Outlining interactions between UNDOF and the parties, she said meetings with the senior Syrian Arab Army delegate have continued, and a meeting was facilitated by the Chief of Israel’s International Cooperation Unit. UNDOF has conducted virtual meetings with troop-contributing countries, providing updates on issues and challenges including the implications of COVID-19. The mission continues to make progress on plans towards full mandate implementation on the B side, following the partial troop withdrawal in 2014 due to security concerns. Spotlighting efforts to increase UNDOF’s operational footprint, she said it now has access to over 95 per cent of the Area of Separation for patrolling purposes.
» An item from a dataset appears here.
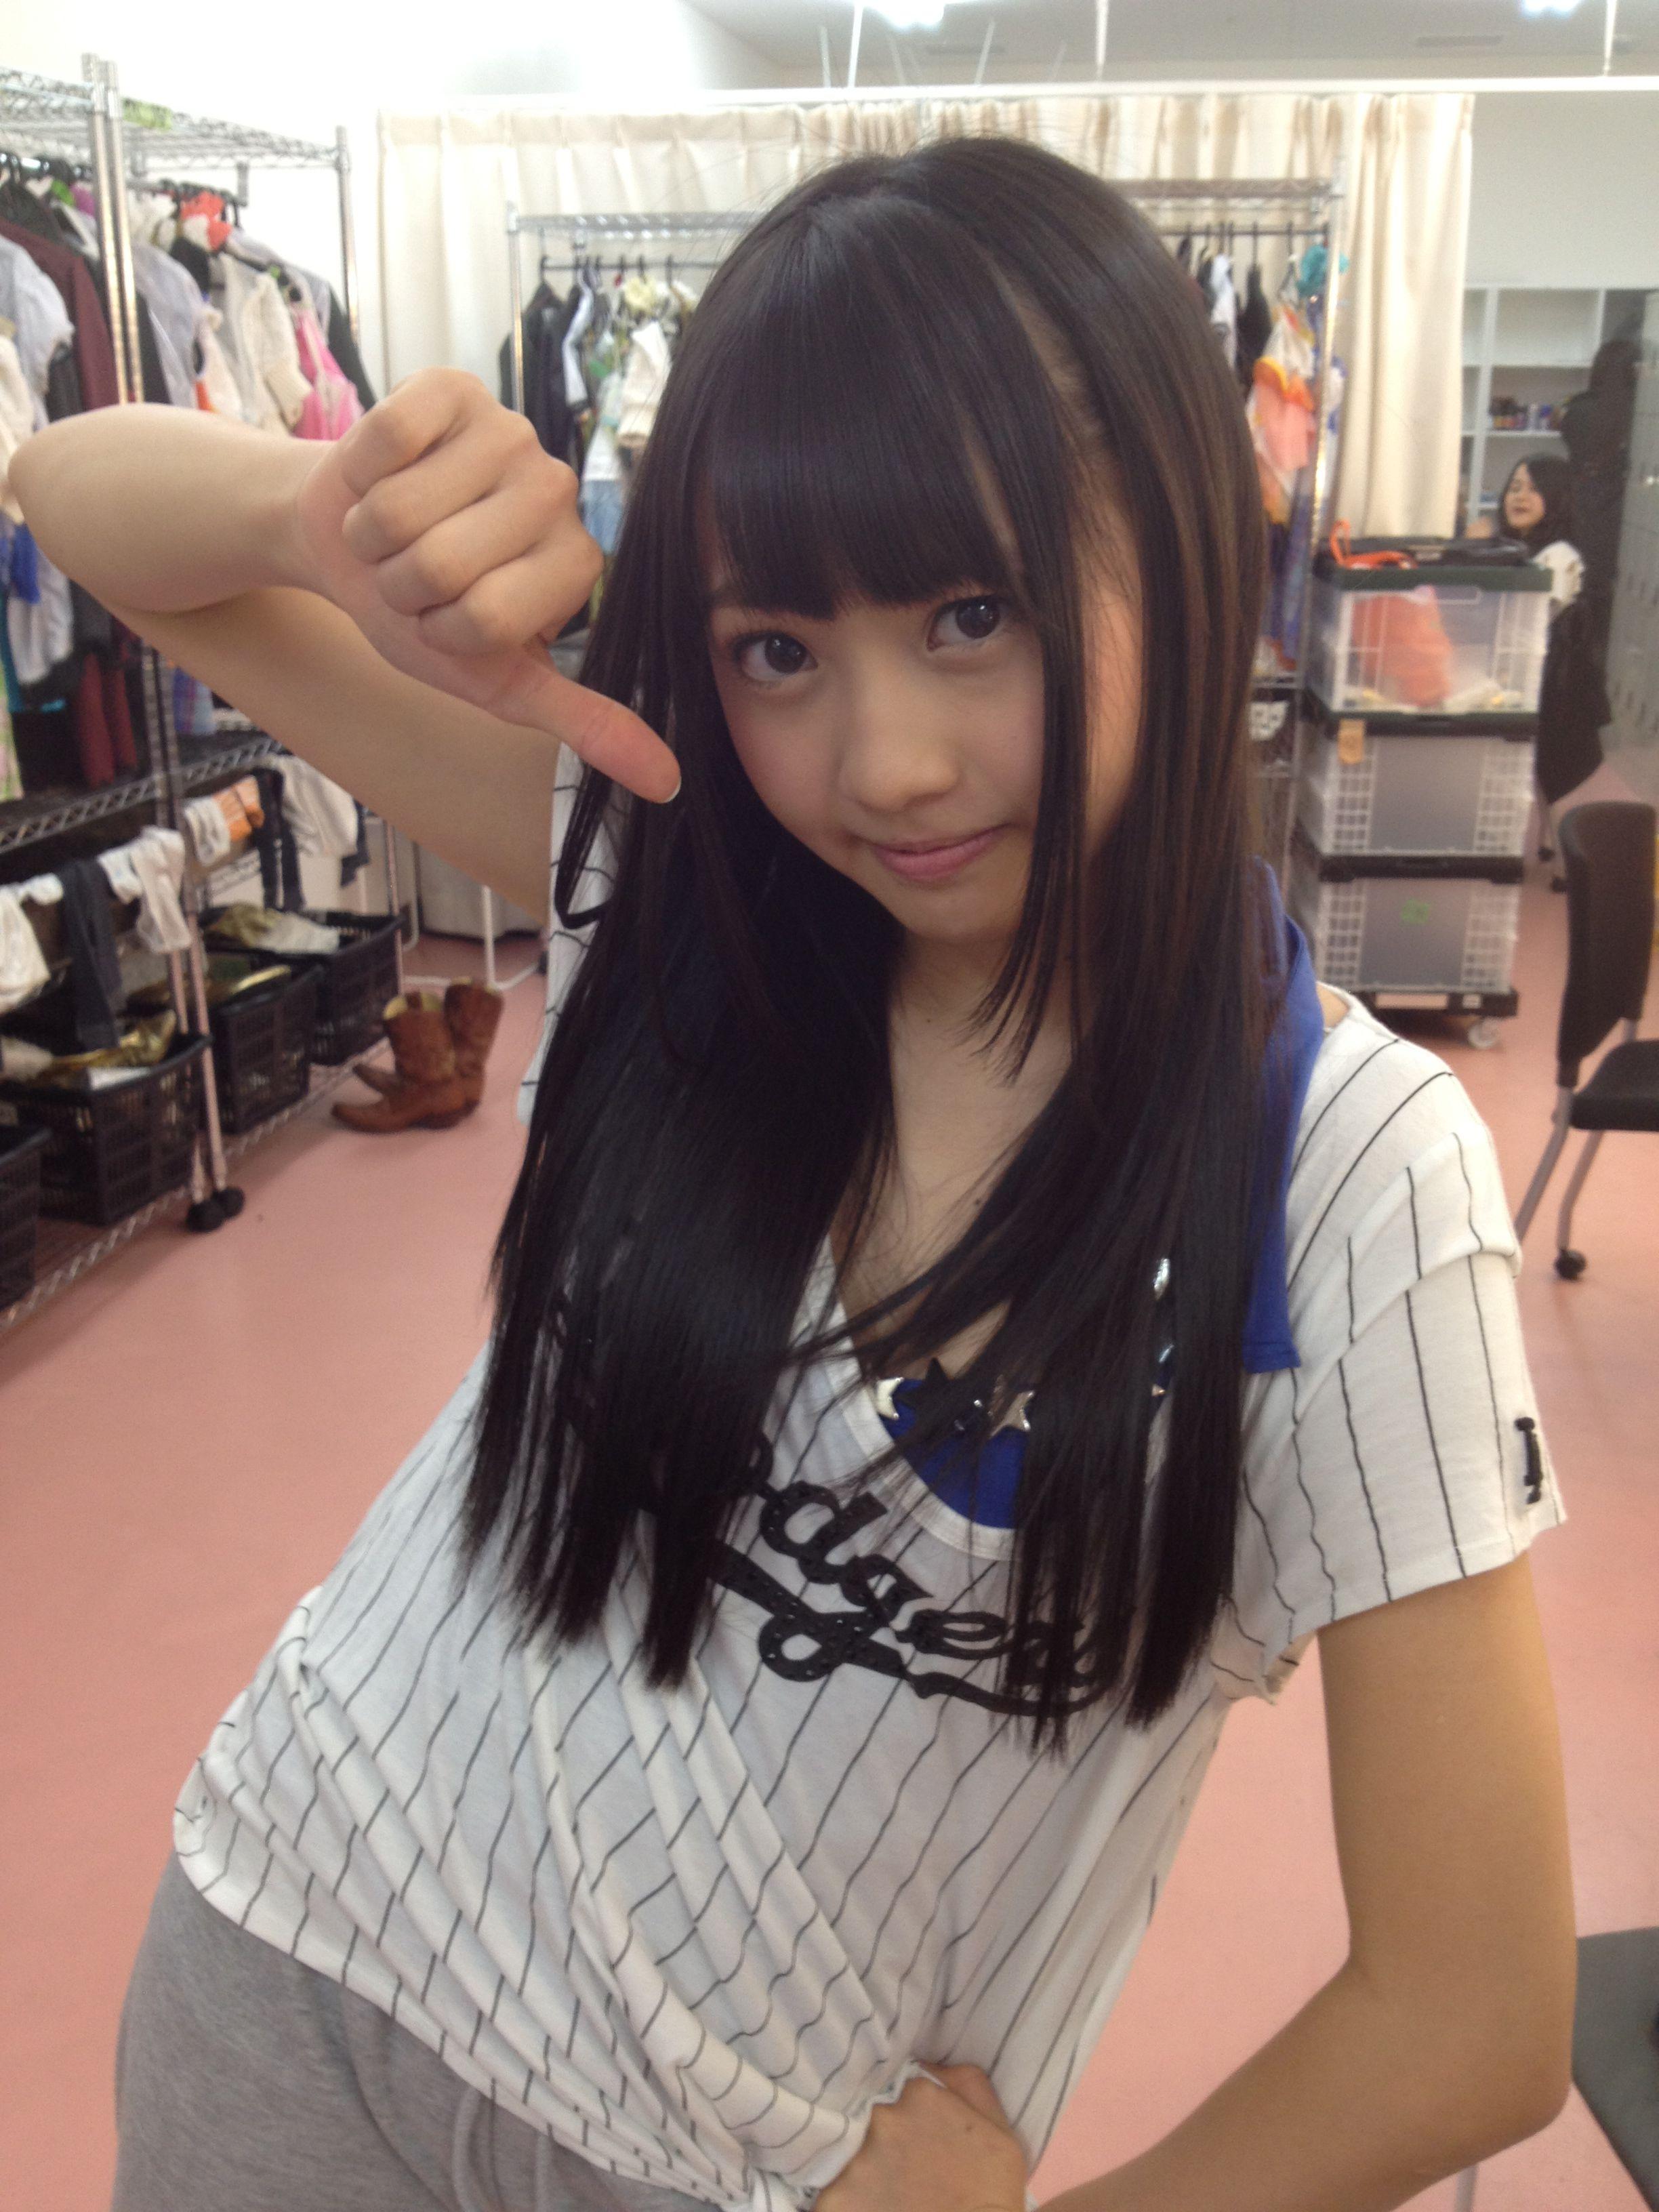 【優しい】AKB48-木崎ゆりあの性格はお弁当を忘れたメンバーに〇〇のサムネイル画像

The mission continues to operate in a complex and sensitive environment, with ongoing violations of the Disengagement of Forces Agreement and Israeli attacks on positions within the Area of Separation and Limitation. While there is no sign that UNDOF is being targeted, security incidents have moved closer to its area of operations. The situation in Dar’aa governorate is deteriorating, with Islamic State in Iraq and the Levant (ISIL/Da’esh) claiming responsibility for attacks there, she added.

Jean-Pierre Lacroix, Under-Secretary-General for Peace Operations, delivered opening remarks, saying that over the past few months, peacekeeping operations have demonstrated their capacity to adapt to the new context imposed by the pandemic. “Our response has been guided by four main objectives: first, protecting our personnel and their capacity to continue critical operations; second, containing and mitigating the spread of COVID-19; third, supporting national authorities in their response; and fourth, protecting vulnerable communities while delivering on mandate implementation.” Each peacekeeping mission has responded in its own way, taking local conditions into account, but they share a commitment to stopping the spread of COVID-19 while also working to fulfil their mandates. The Action for Peacekeeping initiative still guides efforts to strengthen United Nations peacekeeping, but in light of the pandemic, priorities have been adjusted to ensure a focus on specific objectives that should be met in the next few months, he added.